George was smiling. “Save it,” he said. “Save it for Saks and those other idiots, okay? All the dumb swabbies who’ll swallow anything you guys tell ‘em. I know better”
“And what is it you know?”
“I know you guys are clueless. You don’t know what’s going on here or where we are or how we’re going to get out of any of this. And I also know there’s a lot more to that bit with that deckhand than any of you guys want to let on about. Why don’t you just admit it?”
Gosling just stood there, feeling completely defenseless. There were a lot of things he could have said. Countless lies he could have manufactured. But it would have all been pointless. George had him and he knew it.
“You want me to tell you we’re lost in the Bermuda fucking Triangle, George? You want that?”
“If it’s the truth”
“Well, it’s not, so if you don’t mind, I got work to do,” he said, walking away and leaving George standing there, that amused little grin on his face. Sonofabitch was just too damn smart for his own good.

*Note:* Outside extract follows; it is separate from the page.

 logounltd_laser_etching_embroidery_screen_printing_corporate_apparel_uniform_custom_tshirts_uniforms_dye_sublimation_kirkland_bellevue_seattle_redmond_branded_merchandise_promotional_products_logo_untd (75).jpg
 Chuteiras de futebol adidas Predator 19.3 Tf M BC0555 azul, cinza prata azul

Gosling made his way topside and coming up that companionway, he started to get a bad feeling. There was no real reason for it. But, regardless, it descended on him and filled him with a bitter sense of hopelessness, an anxiety that left him feeling utterly helpless. He paused there, leaning up against the bulkhead, and he honestly didn’t have the strength to face any of it. Things had already happened that were beyond anything rational and they would keep happening. Keep happening, he figured, until he was drained dry, without an ounce of fight left in him. And that was really the problem, wasn’t it? Gosling was a handson sort of guy. Very blue-collar, very working class. He was not the imaginative sort. His world was very black and white, the perimeters very well-defined. He asked very little of reality other than for it to always be the same.
And now this.
It was just too goddamn much.
He started up the steps again, telling himself in no uncertain terms to suck it in. He was the First and that meant people looked to him. Looked to him for strength and stability. Sometimes, when the going got rough, the First was the only thing standing between chaos and calm.

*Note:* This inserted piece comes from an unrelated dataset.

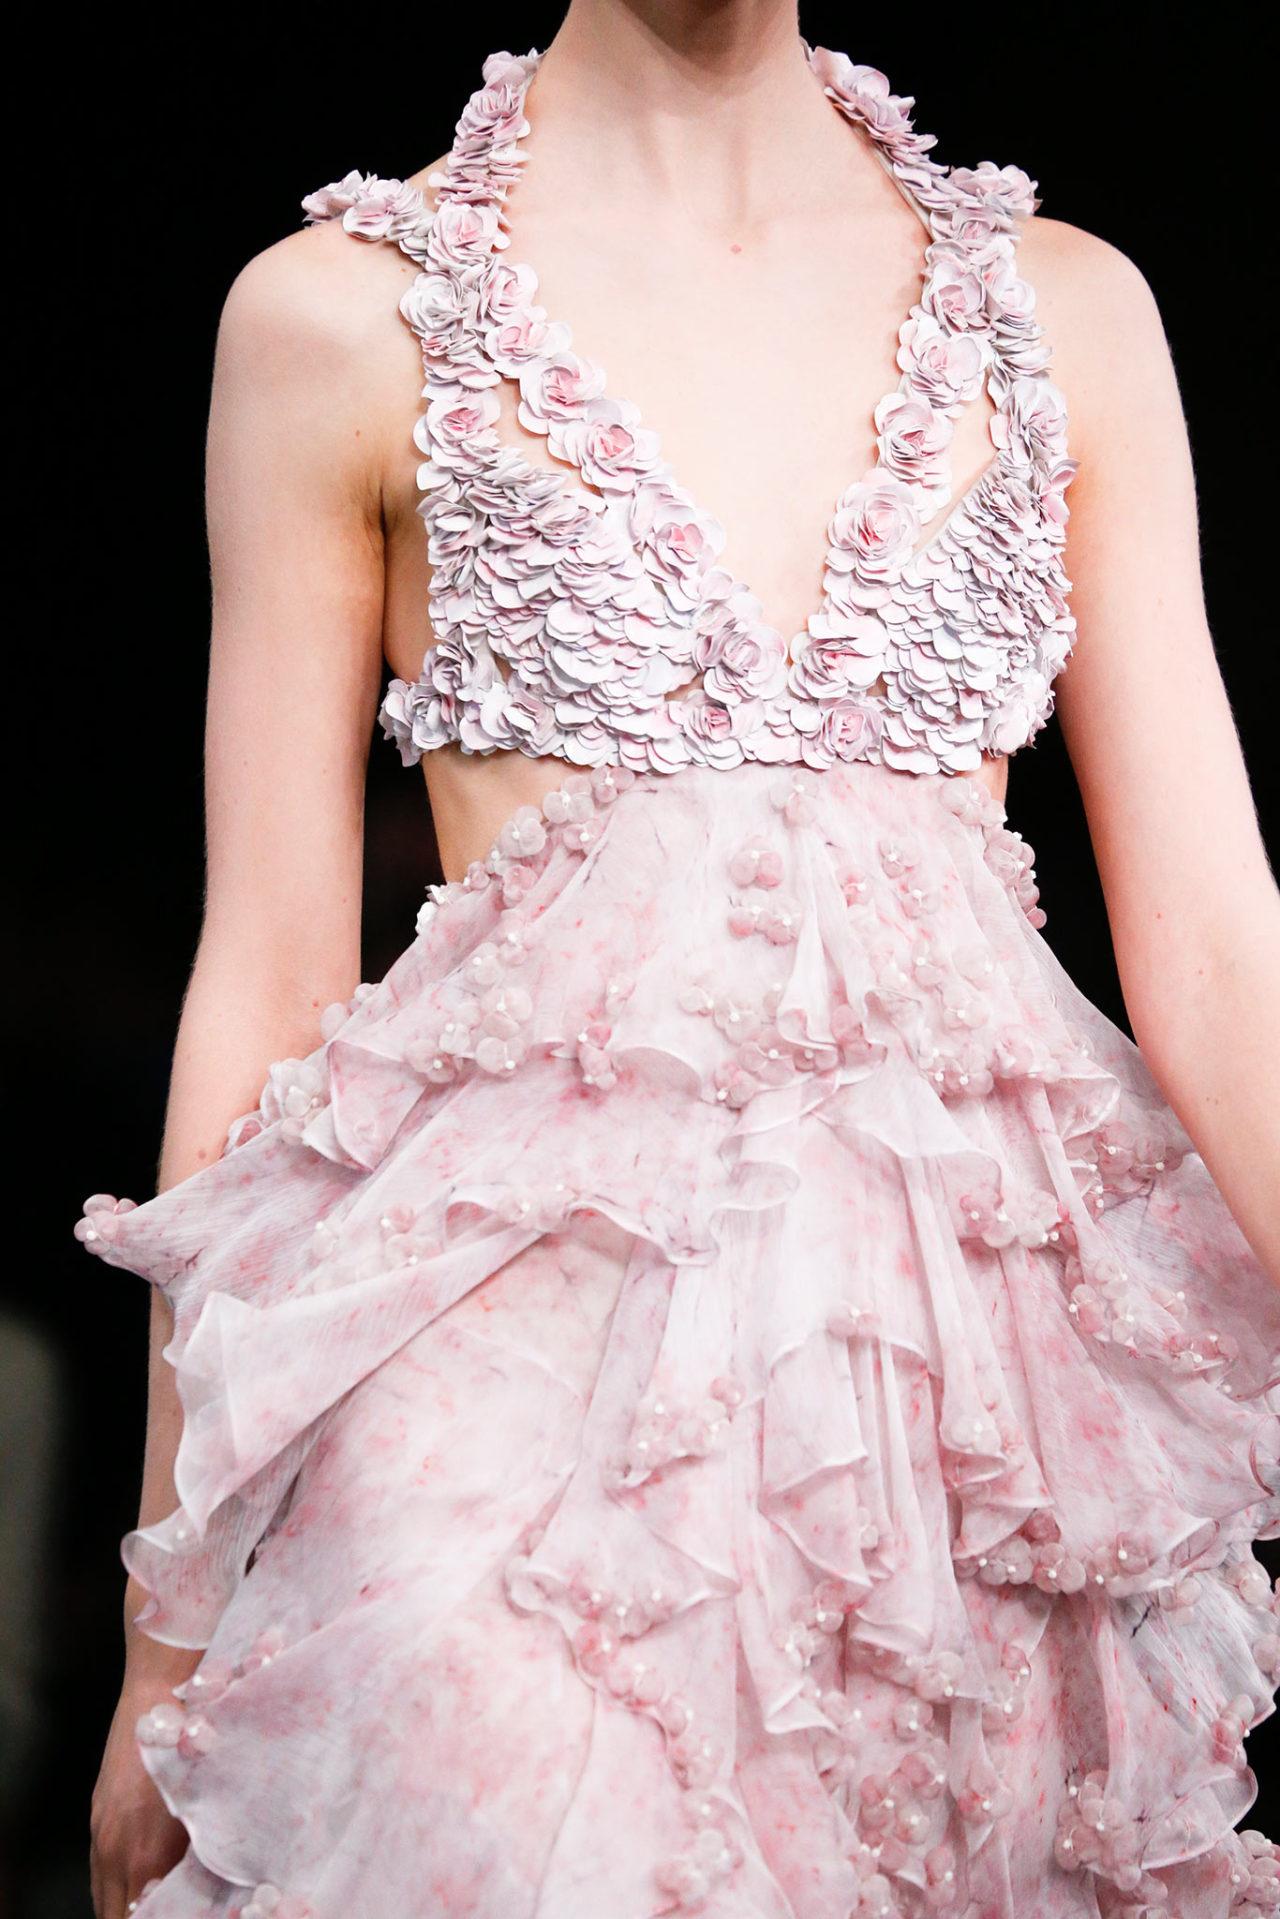 Najljepše haljine - Page 21 Tumblr_ncqidjx0VZ1rvyr2no1_1280

Gosling came out of the hatch into that boiling fog and right away, he knew there was trouble. Just as something in him had suspected. Somebody was hollering, crying out frantically.
“Now fucking what?” Gosling said under his breath.
It was coming from somewhere in front of the superstructure, somewhere out on the bow. Gosling made his way forward, that fog thicker than pillow down. He could hear one of the men shouting about something and then the sound of feet running in his direction. The fog whistle sounded, as it did every few minutes, but this time it made him jump.
One of the deckhands — Pollard — came bounding out of that soup, his eyes wide and wet and his mouth trying to form words.
Gosling took hold of him and slammed him up against the bulkhead. “What in the Christ are you yelling about?” he snapped at him.
“It… it was… I saw… oh Jesus, Mr. Gosling, he was right there and then he was gone and I saw it! I fucking saw it!” He was blabbering on and not making a lick of sense so Gosling shook him like a rag doll. Things like this he could handle. Men out of control, men about to shit their drawers because the sea had kicked their legs out from under them. “There was… there was… shit, I was out on the bow and Burky, you know Burky, First… well he was on watch, out on the bow and something got him! Just fucking grabbed him! He was four feet from me and I saw it, I saw something come out of the fog, First!” He slid down the bulkhead, making a pained, sobbing sound. He couldn’t seem to catch his breath. “It came out of the fog and grabbed Burky! Pulled him away and there wasn’t anything I could do!”
Gosling pulled him to his feet. “All right, take it easy. Take a deep breath. I think you’re hyperventilating, by Christ.”
Pollard was just a kid. This was his second run on the Mara Corday. He’d spent a couple years in the Coast Guard and signed on as a deckhand, wanted nothing better than to get his mate’s ticket. He chewed his lips, pulling air hard through his nose.